◆ Aim of the exercise ◆
Transcribe exactly the lines from the one containing "Pattern design by Sam K Ryan" through the end of the data, both included. Leave out pictures.

◆ Data block ◆
_ _ _ _ _

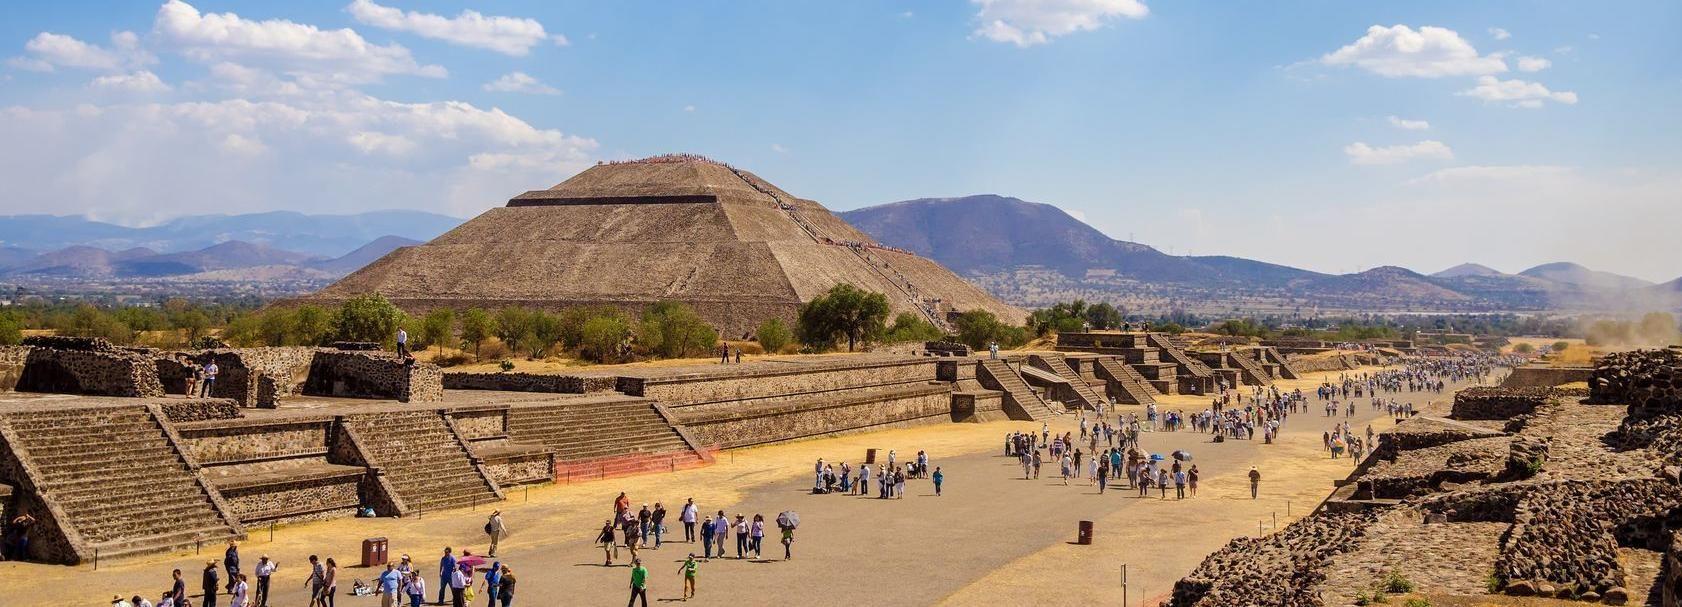 Desde Ciudad de México: acceso a Teotihuacán y cata de licor
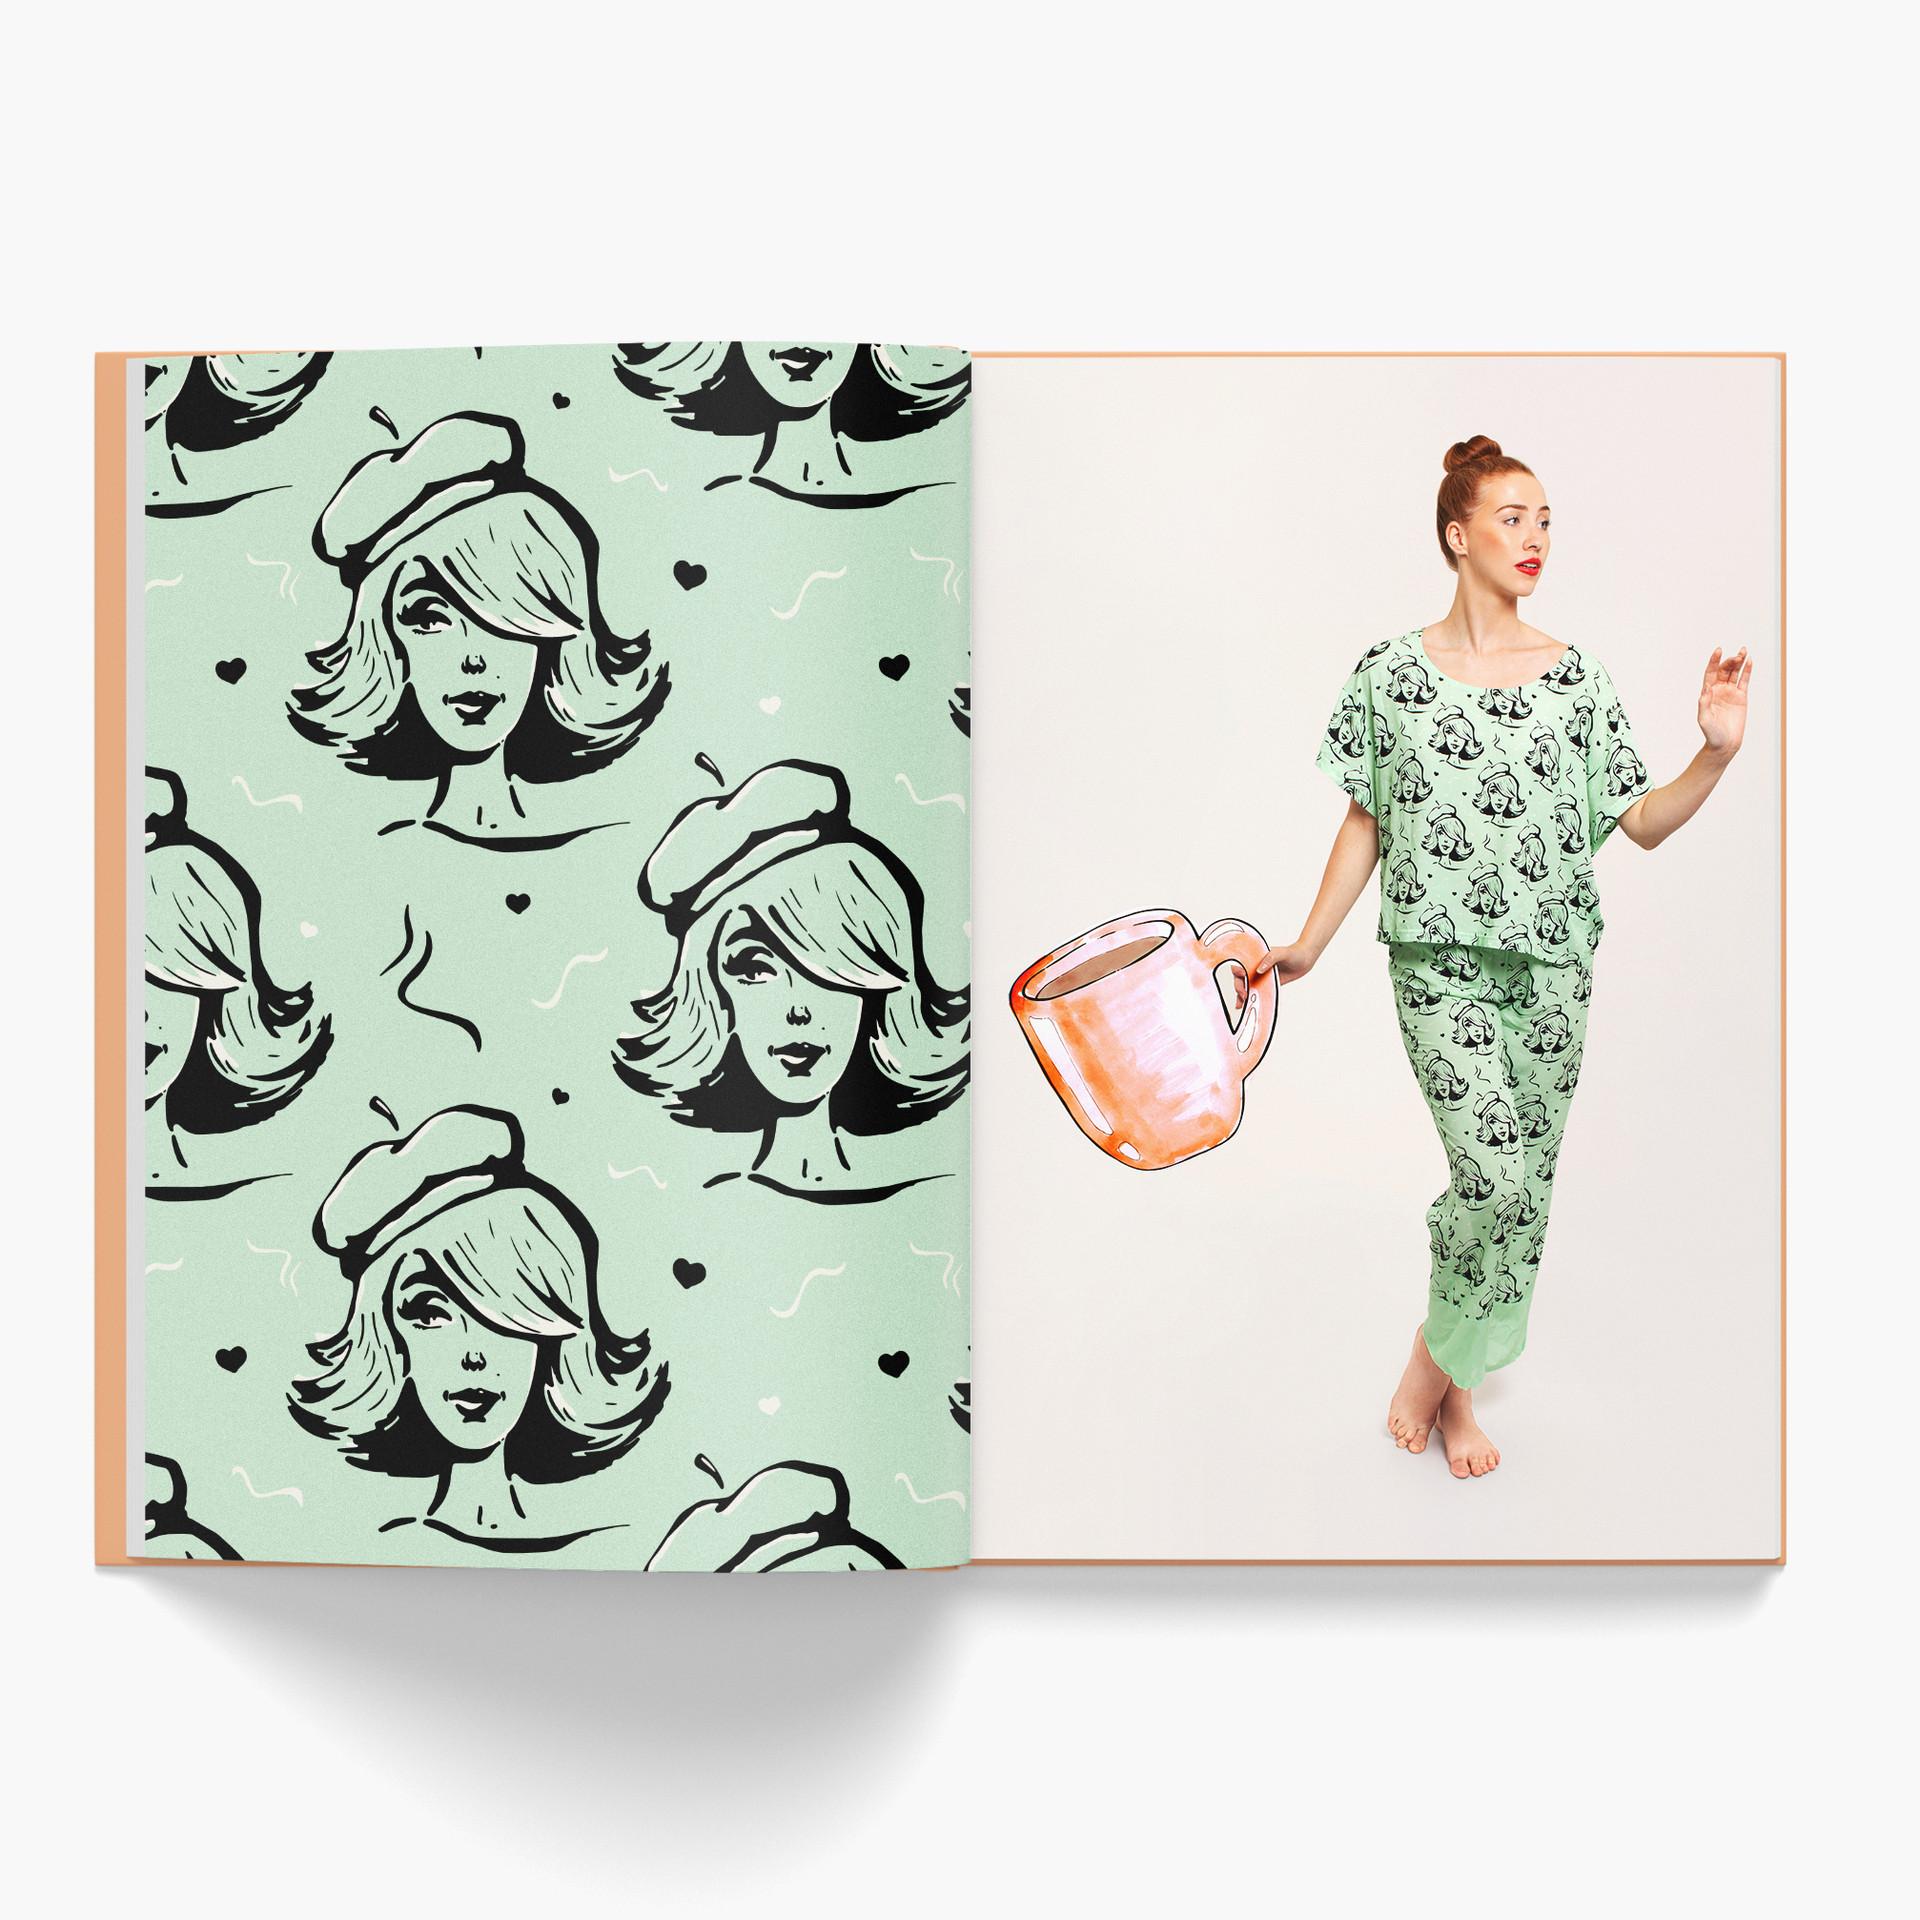 Pattern design by Sam K Ryan
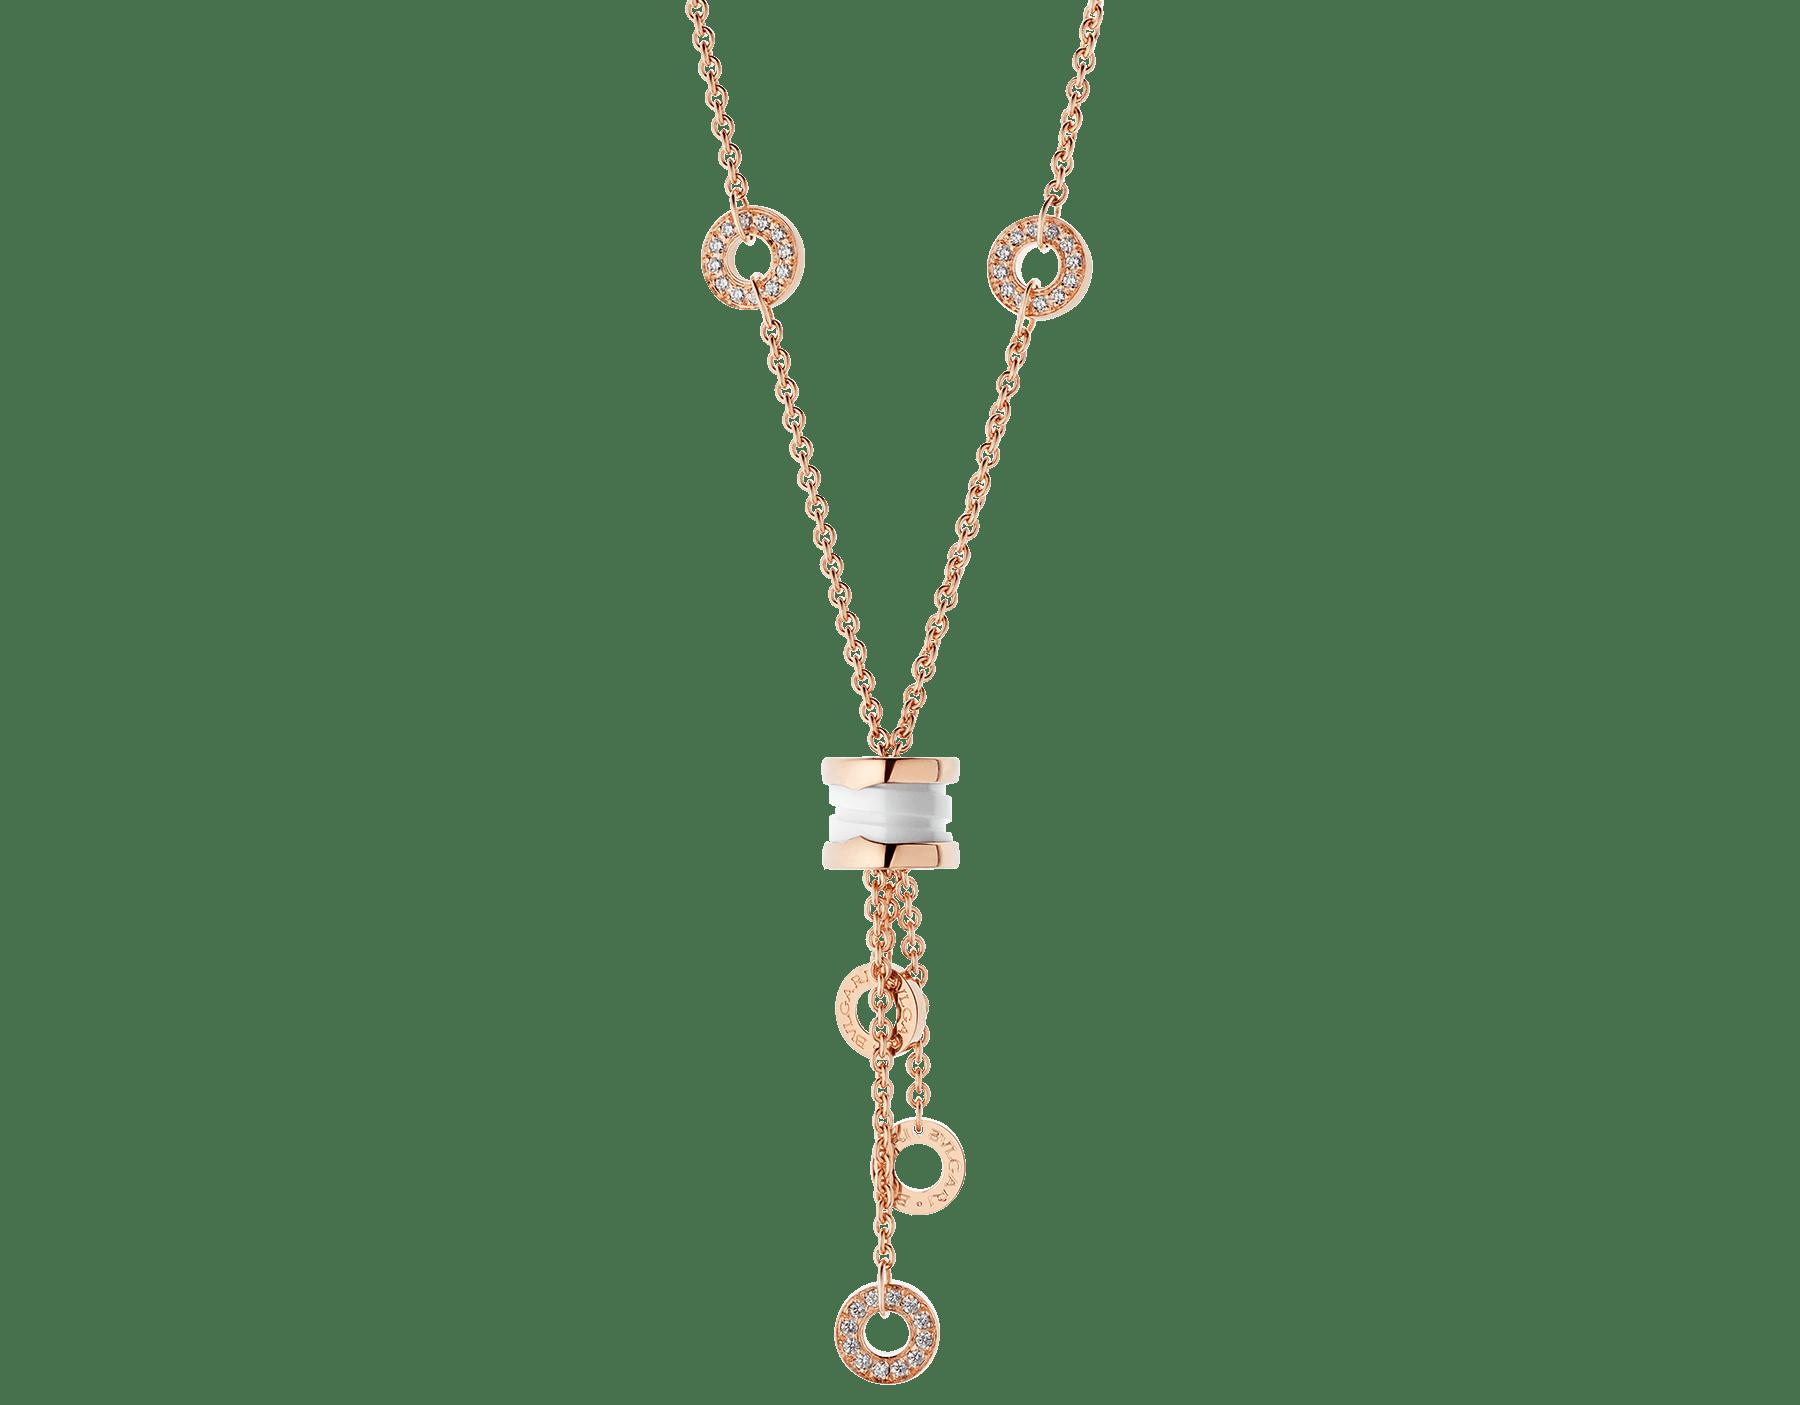 Colar B.zero1 com corrente em ouro rosa 18K cravejada com pavê de diamantes, pingente em ouro rosa 18K e cerâmica branca. 347577 image 1

_ _ _ _ _

◆ Completed task ◆
 Pattern design by Sam K Ryan
 Colar B.zero1 com corrente em ouro rosa 18K cravejada com pavê de diamantes, pingente em ouro rosa 18K e cerâmica branca. 347577 image 1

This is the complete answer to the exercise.